Priorité pourtant affichée dans la stratégie de santé (au moins depuis 2013), la réduction des inégalités sociales (ISS) n'a guère été au cœur des politiques publiques et des recommandations des experts lors de la crise liée au Covid-19, dénonce le Haut Conseil de santé publique (HCSP) dans un rapport daté du 22 juillet et publié ce 14 septembre.
Pourtant, plus que jamais, la crise a creusé ces ISS, « socialement construites, évitables et injustes », ainsi que les inégalités territoriales de santé (ITS), qui au-delà de la problématique de l'accès aux soins recouvrent aussi les conditions de vie dans l'environnement chimique, physique et social.
La pandémie a eu des conséquences sanitaires très diverses selon les populations. La surmortalité a ainsi été particulièrement marquée en Seine-Saint-Denis (+118,4 %, au printemps 2020, par rapport au printemps 2019) ou dans les départements denses de du Grand Paris. Autre exemple tiré de l'enquête Sapris, les mesures de lutte contre l'épidémie (confinement) ont davantage profité aux cadres supérieurs qu'aux catégories populaires. En outre, le Covid-19 a eu de nombreuses répercussions indirectes (santé mentale, comportements addictifs, temps devant les écrans, effets économiques, difficultés d'accès aux soins) qui ont frappé plus durement les populations défavorisées.
Des recommandations marginales et peu prises en compte
Quelle fut la réaction des pouvoirs publics à l'aggravation prévisible des ISS lors de la crise ? Selon le HCSP, nombreuses sont les agences sanitaires (Anses, HAS, ANSM) ou sociétés savantes qui n'ont pas émis de recommandations sur les ISS. Quant aux structures qui se sont penchées dessus (Conseil scientifique, HCSP, Académie de médecine, Conférence nationale de santé…), leurs avis ont été peu pris en compte par le gouvernement. La priorité est restée la maîtrise de l'épidémie dans une population homogène.

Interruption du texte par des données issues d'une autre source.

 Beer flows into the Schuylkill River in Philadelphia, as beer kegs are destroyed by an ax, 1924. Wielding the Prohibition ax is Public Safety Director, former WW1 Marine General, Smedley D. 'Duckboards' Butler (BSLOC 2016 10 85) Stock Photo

« La démocratie sanitaire a été pratiquement absente au cours de la crise du Covid. Dans la mesure où les doctrines de santé ont été définies au niveau national ou préfectoral, il a été très difficile d'y impliquer la population », regrette encore le HCSP.

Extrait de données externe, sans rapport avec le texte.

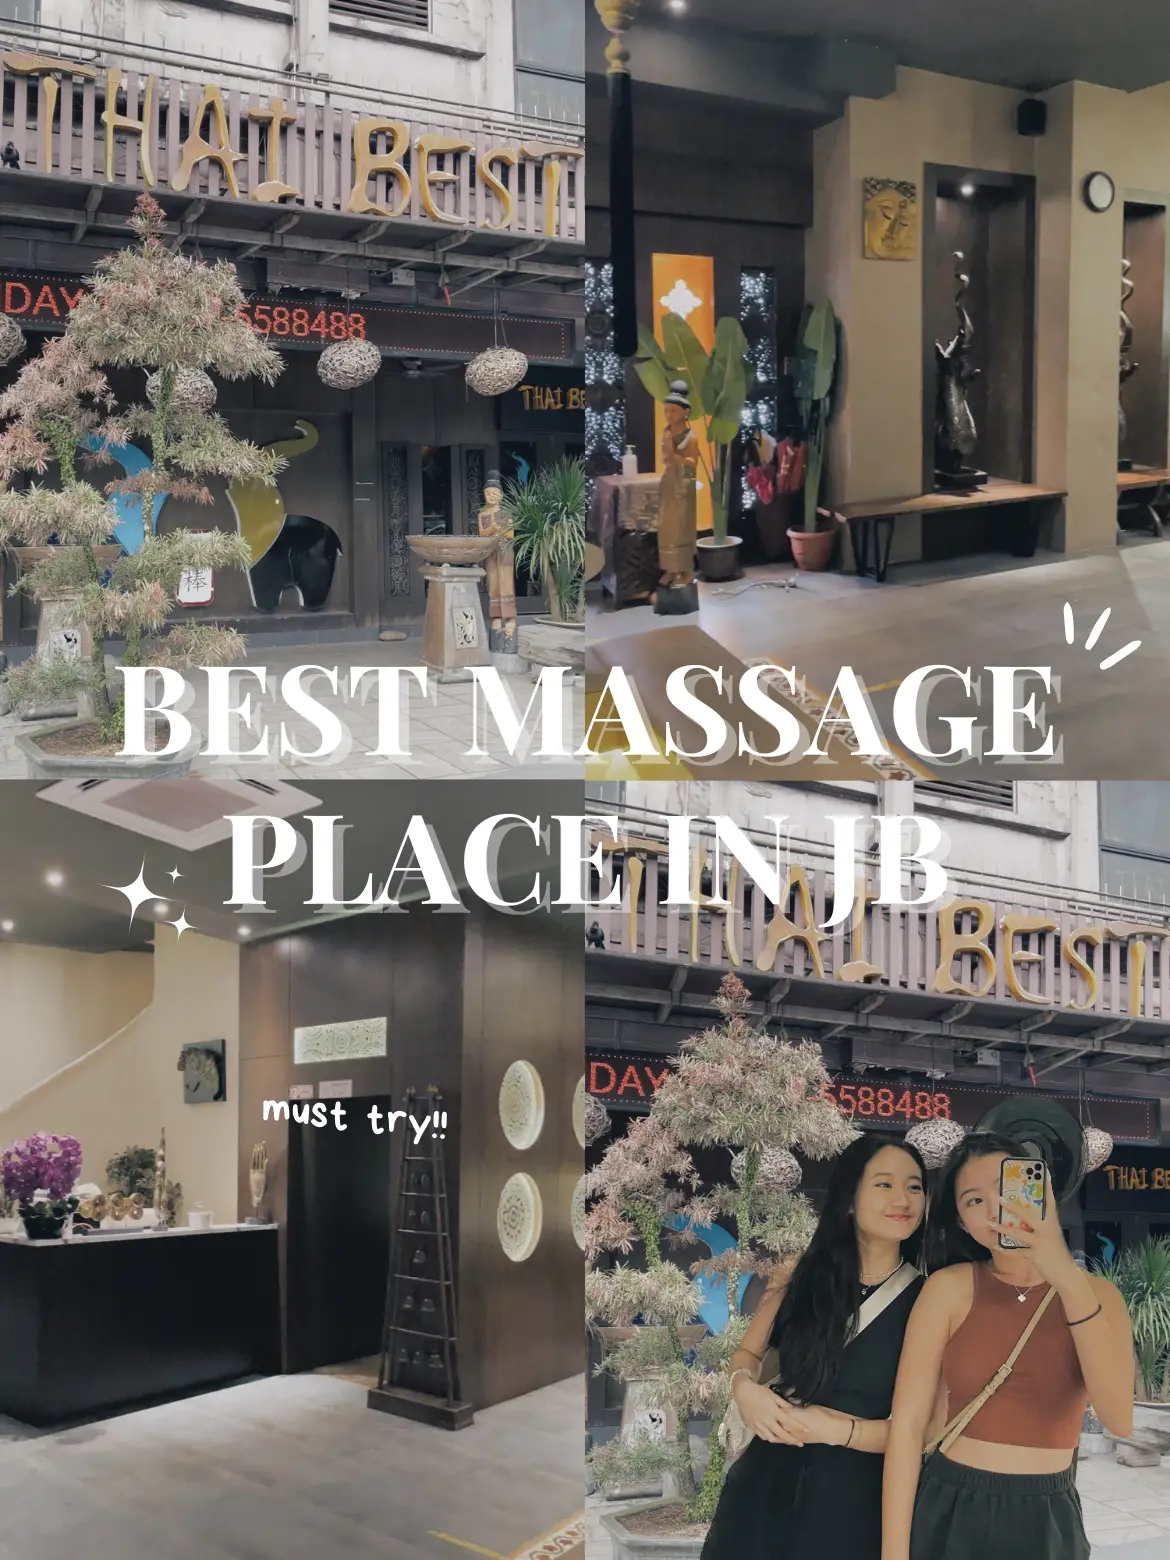 Must go massage place in JB!💆🏻‍♀️🇲🇾's images

Le rapport salue la créativité et les initiatives des associations et de certaines collectivités territoriales, voire d'Agences régionales de santé comme celle d'Île-de-France qui a mis en place précocement des centres Covid pour les précaires ou des actions dans les foyers de travailleurs migrants. Mais dans de nombreux territoires, « une lenteur administrative a été observée ». Sans compter que la gestion de la crise a souvent été confiée aux préfectures, qui ne travaillent pas sur les ISS.
Toute crise sanitaire doit être considérée comme une crise globale
Le HCSP formule une vingtaine de recommandations portant sur la gestion d'une crise, et son anticipation, en insistant sur l'importance de considérer toute crise sanitaire, y compris infectieuse, comme une crise globale. Par conséquent, l'impact des recommandations ou politiques mises en œuvre sur les ISS et les ITS doit être évalué a priori. Pour ce faire, les comités scientifiques divers doivent intégrer les sciences humaines et sociales et des représentants de la société civile.
Le HCSP insiste aussi sur l'application du principe de justice distributive, qui veut que les efforts des politiques publiques soient adaptés aux besoins des différents groupes sociaux. « La vulnérabilité, concept ambigu entre le sanitaire et le social, a été un terme souvent mobilisé. Cela n'a pas favorisé le développement d'une politique inclusive » croisant interventions pour toute la population, et gradation de certaines mesures pour des publics ciblés.
Enfin, dans une perspective de plus long terme pour la lutte contre les ISS, le HCSP appelle à développer le dispositif de suivi statistique et celui d'évaluation des conséquences des politiques nationales et locales.